Squire Broadbent entertained his poor, frightened people to an early breakfast in the servants' hall, and the most cheerful face there was that of the Squire. Here is his little speech:

"My good folks, sit down and eat; and let us be thankful we're all here, and that no human lives are lost. My good kinswoman Kate here will tell you that there never yet was an ill but there might be a worse. Let us pray the worse may never come."

CHAPTER TEN.

"AFTER ALL, IT DOESN'T TAKE MUCH TO MAKE A MAN HAPPY."



For weeks to come neither Uncle Ramsay nor Walton had the heart to add another sorrow to the Squire's cup of misery. They knew that the fire had but brought on a little sooner a catastrophe which was already fulling; they knew that Squire Broadbent was virtually a ruined man.

All the machinery had been rendered useless; the most of the cattle were dead; the stacks were gone; and yet, strange to say, the Squire hoped on. Those horses and cattle which had been saved were housed now in rudely-built sheds, among the fire-blackened ruins of their former wholesome stables and byres.

One day Branson, who had always been a confidential servant, sent Mary in to say he wished to speak to the Squire. His master came out at once.

"Nothing else, Branson," he said. "You carry a long face, man."

"The wet weather and the cold have done their work, sir. Will you walk down with me to the cattle-sheds?"

Arrived there, he pointed to a splendid fat ox, who stood in his stall before his untouched turnips with hanging head and dry, parched nose.

His hot breath was visible when he threw his head now and then uneasily round towards his loin, as if in pain. There was a visible swelling on the rump. Branson placed a hand on it, and the Squire could hear it "bog" and crackle.

"What is that, Branson? Has he been hurt?"

"No, sir, worse. I'll show you."

He took out his sharp hunting-knife.

"It won't hurt the poor beast," he said.

Then he cut deep into the swelling. The animal never moved. No blood followed the incision, but the gaping wound was black, and filled with air-bubbles.

"The quarter-ill," said the cowman, who stood mournfully by.

That ox was dead in a few hours. Another died next day, two the next, and so on, though not in an increasing ratio; but in a month there was hardly an animal alive about the place except the horses.

It was time now the Squire should know all, and he did. He looked a chastened man when he came out from that interview with his brother and Walton. But he put a right cheery face on matters when he told his wife.

"We'll have to retrench," he said. "It'll be a struggle for a time, but we'll get over it right enough."

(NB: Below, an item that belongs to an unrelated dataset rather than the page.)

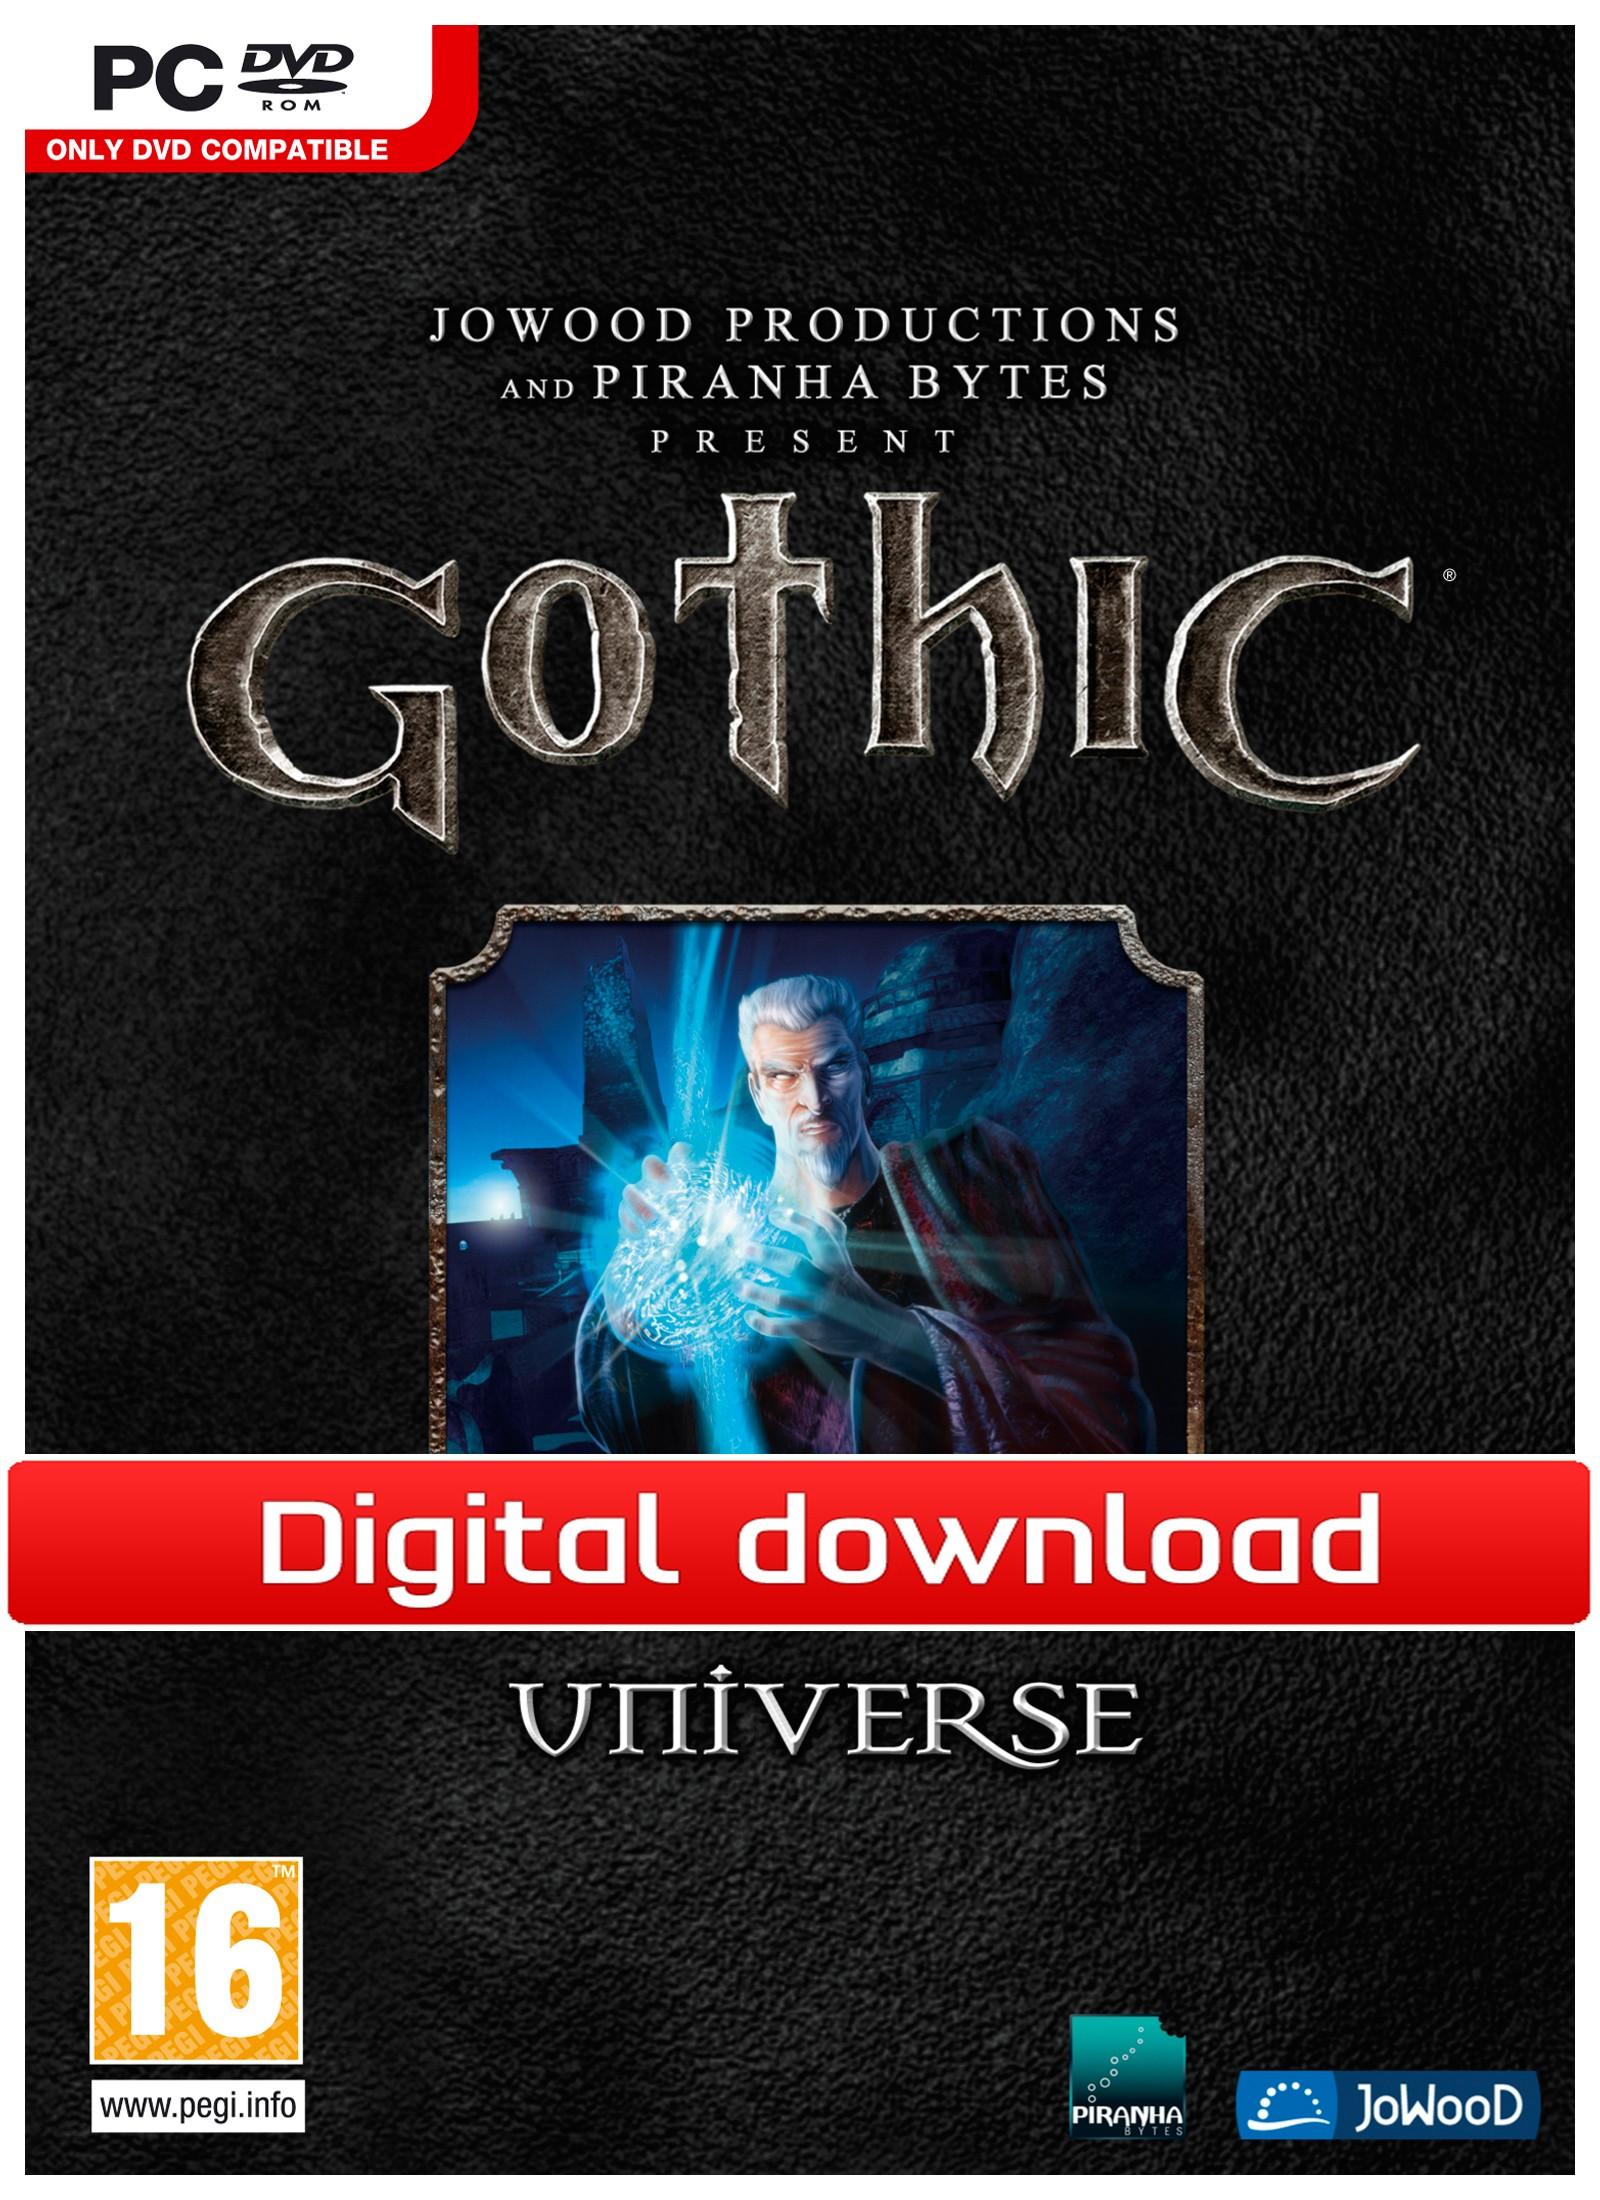 Gothic Universe (PC nedlastning) PCDD34816

Present money, however, was wanted, and raised it must be.

And now came the hardest blow the Squire had yet received. It was a staggering one, though he met it boldly. There was then at Burley Old Mansion a long picture gallery. It was a room in an upper story, and extended the whole length of the house--a hall in fact, and one that more than one Squire Broadbent had entertained his friends right royally in. From the walls not only did portraits of ancestors bold and gay, smile or frown down, but there hung there also many a splendid landscape and seascape by old masters.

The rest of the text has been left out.